Conclusion The TET subfamily of RNA-binding proteins is intriguing because all three members have remarkably similar overall sequence and structure but carry out at least some distinct biological functions. The biochemical basis for such differentiation may lie in the small variations in sequence composition residing in the intrinsically disordered EAD and RGG-rich regions of TET proteins (see Fig. 1). To our knowledge, we have presented the first evidence for biochemical distinction within different TET RGG-boxes, namely the effect of conserved D residues in a subset of YGGDRGG TAF15 repeats. Considering the conservation of multiple YGGDRGG repeats unique to TAF15, our findings suggest that these repeats expand the functionality of TET RGG-boxes and thus will contribute to biological specialization of TAF15. Future insights into this proposition should arise from identification of proteins that specifically bind to YGGDRGG repeats. We have previously proposed that RGG-mediated TET repression is likely to be crucial for preventing large scale, promiscuous gene transcription.30,31 Further understanding of the molecular mechanism of repression should therefore provide insights into biological control of native TET proteins. The finding that RGG-mediated TET repression is not autonomous (as previously proposed 34) but instead requires additional trans-acting factors, paves the way for identification of such proteins. Yeast (S. cerevisiae) does not support repression and may provide a vehicle for identification of the putative mammalian protein(s) required for repression. Finally, repression is operative in insect cells indicating that the trans-acting factors required co-evolved with the TET RNA-binding domain (RBD). Further characterization of the Cabeza/SARFH RBD/RGG-boxes in insect cells may provide insights into the mechanism and additional proteins required for RGG box-mediated TET repression.
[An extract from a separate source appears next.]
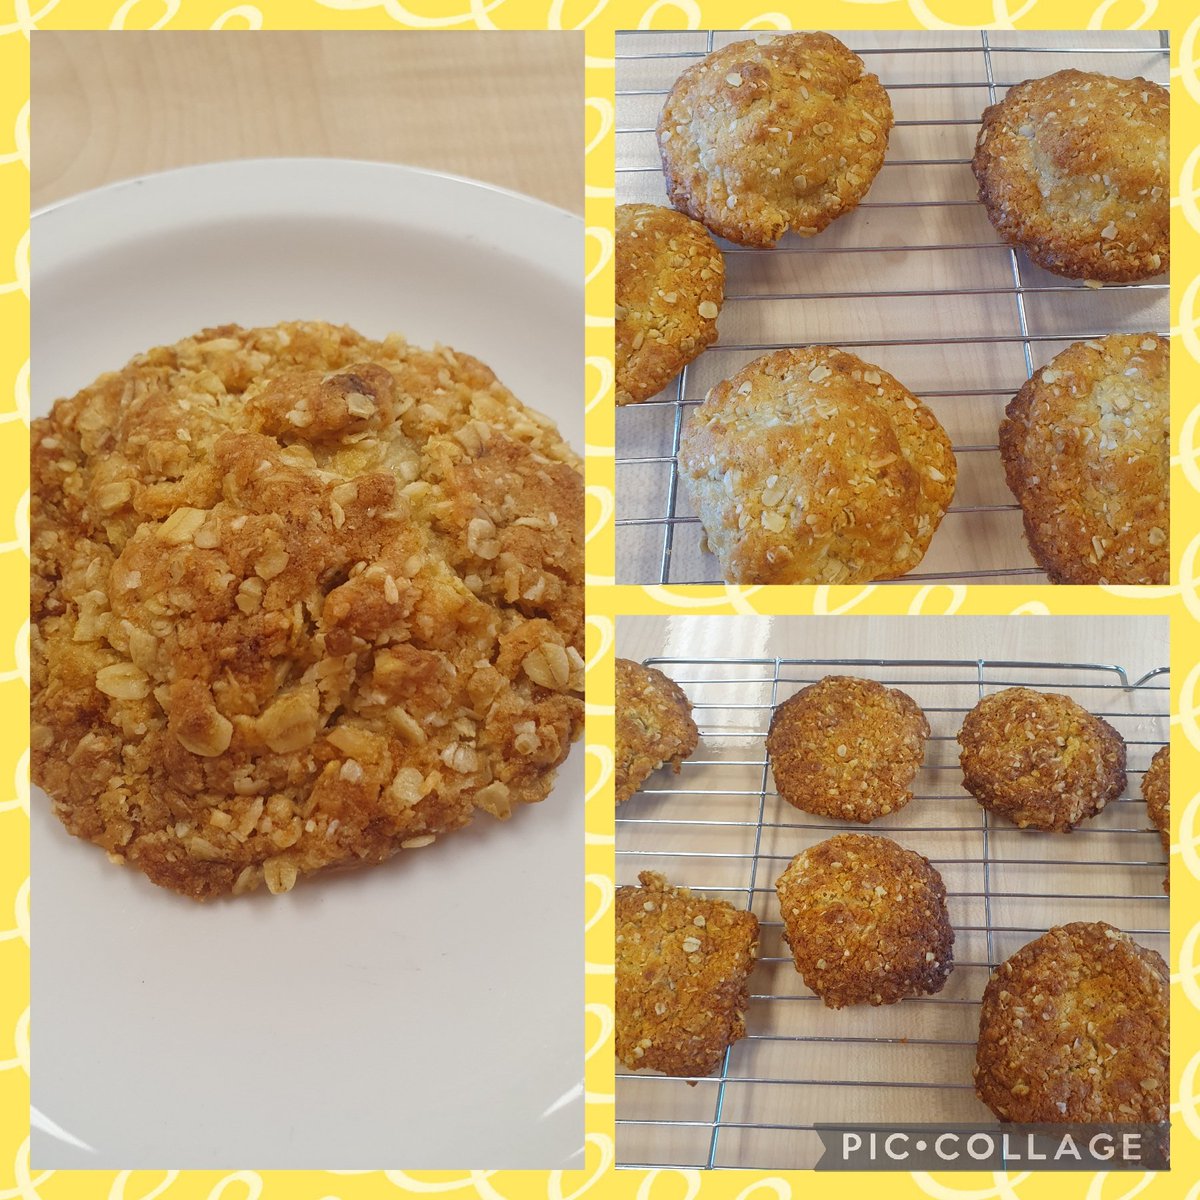 As part of Foods around the world' 1G1 pupils made Anzac biscuits this week - lots of history with these biscuits 👍🇳🇿😋 @Greenwood_Acad #growingyou

Materials and methods Plasmids

For in vitro transcription studies, pETG4VP16 was derived from pET15b (Promega) and expresses a histidine-tagged Gal4VP16 fusion protein corresponding to

148

B. L. CHAU ET AL.

that used for previous in vivo studies.31 pETG4VPSR4 expresses Gal4VP16 fusion containing four copies of the RGG rich SR4 peptide (Fig. 4) from EWS.31 The transcriptional reporter pG5E4TCAT was previously described.59 Yeast expression plasmids for Gal4 fusion proteins were derived from pGBT9 as previously described.39 All proteins expressed contain a c-terminal 7-residue peptide from SV40 T-antigen for detection by western blotting using KT3 antibody.60 For trans-activation experiments in yeast, the panel of EAD mutants have been functionally characterized in mammalian cells in the context of the natural EFP, EWS/ATF1 40 pG4DA, pG4DI, pG4DF, pG4REV, pG4D78 and pG4SCR were constructed by replacing the native EAD sequence in pG4/E28539 with the corresponding EAD sequences from pDA, pDI, pDF, pREV, pD78m and pSCR, respectively.40 Plasmids expressing Gal4VP16 derivatives for repression experiments in yeast were as follows. pVPRBD expresses a protein containing Gal4VP16 and the intact EWS RBD. pVPRM4 corresponds to pVPRBD but lacks the EWS RRM.30 pVPSR4 expresses a protein-containing Gal4VP16 and four copies of the RGG-rich SR4 peptide from EWS.31 pEADSR4 expresses a protein containing the intact EAD and four copies of the RGGrich SR4 peptide from EWS.31 Plasmids for expression in Sf21 insect cells were derived from pXINsect-DEST39 Gateway vector (Life Technologies). pDEST-57Z 61 expresses a well-characterized EWS/ATF1 derivative (57Z) containing residues 157 of the EWS-Activation-Domain (EAD) linked to the ATF1 portion of EWS/ATF1 except that the ATF1 bZip domain is substituted by the Zta bZip domain.42 pDEST57RZ expresses a protein (57RZ) corresponding to 57Z but containing the intact EWS RBD. The transcriptional activity of 57Z and 57RZ was detected using a reporter plasmid pZ7Luc containing a minimal promoter and seven Zta binding sites linked to luciferase.43 For experiments in mammalian cells, the transcriptional reporter pG1E4TCAT was previously described.59 Mammalian protein expression vectors were derived from pSG424 62 and proteins tagged with the epitope for monoclonal antibody KT3 60 pG4VP16 and pVPSR4 are as described previously.31 All other mammalian expression plasmids used express proteins that correspond to VPSR4 and containing the RGG-related test peptides as indicated in the figure legends and main text.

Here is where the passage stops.